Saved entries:
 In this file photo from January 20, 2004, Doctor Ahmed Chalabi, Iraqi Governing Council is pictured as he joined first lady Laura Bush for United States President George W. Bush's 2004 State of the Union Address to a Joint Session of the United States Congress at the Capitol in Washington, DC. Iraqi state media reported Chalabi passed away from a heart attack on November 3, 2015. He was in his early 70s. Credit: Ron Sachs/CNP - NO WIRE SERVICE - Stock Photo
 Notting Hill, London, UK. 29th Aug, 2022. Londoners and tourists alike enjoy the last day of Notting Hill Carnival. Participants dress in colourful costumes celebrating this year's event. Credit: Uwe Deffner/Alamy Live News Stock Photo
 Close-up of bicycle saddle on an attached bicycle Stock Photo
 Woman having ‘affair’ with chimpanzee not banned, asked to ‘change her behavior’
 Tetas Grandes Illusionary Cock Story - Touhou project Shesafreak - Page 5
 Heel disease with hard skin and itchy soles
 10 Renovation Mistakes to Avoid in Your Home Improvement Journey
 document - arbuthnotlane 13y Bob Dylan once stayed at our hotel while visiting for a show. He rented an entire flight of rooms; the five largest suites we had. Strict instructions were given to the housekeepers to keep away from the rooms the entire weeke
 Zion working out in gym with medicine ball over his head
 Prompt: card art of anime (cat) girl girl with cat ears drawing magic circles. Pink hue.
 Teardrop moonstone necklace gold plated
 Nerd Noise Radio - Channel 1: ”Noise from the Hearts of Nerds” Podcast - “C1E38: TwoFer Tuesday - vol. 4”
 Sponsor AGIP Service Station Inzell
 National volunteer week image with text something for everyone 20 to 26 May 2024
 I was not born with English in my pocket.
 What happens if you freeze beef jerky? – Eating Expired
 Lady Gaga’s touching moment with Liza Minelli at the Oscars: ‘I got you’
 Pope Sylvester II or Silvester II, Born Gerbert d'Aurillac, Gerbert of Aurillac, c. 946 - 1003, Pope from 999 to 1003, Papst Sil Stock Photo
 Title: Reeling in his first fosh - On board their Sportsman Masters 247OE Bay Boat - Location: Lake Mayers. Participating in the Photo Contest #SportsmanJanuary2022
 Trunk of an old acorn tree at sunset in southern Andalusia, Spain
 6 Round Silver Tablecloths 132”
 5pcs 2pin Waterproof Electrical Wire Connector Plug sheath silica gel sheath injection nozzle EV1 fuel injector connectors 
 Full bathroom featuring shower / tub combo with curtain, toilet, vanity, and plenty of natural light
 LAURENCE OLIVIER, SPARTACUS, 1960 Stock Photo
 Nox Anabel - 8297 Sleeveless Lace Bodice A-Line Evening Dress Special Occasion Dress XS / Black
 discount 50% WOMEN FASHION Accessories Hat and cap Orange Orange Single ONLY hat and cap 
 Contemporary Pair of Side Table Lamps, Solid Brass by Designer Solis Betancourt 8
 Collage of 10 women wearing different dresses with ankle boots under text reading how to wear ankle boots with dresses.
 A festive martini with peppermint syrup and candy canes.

** Your objective **
Which lines of the data contain the string "text"? Copy each one.

** Solution **
 National volunteer week image with text something for everyone 20 to 26 May 2024
 Collage of 10 women wearing different dresses with ankle boots under text reading how to wear ankle boots with dresses.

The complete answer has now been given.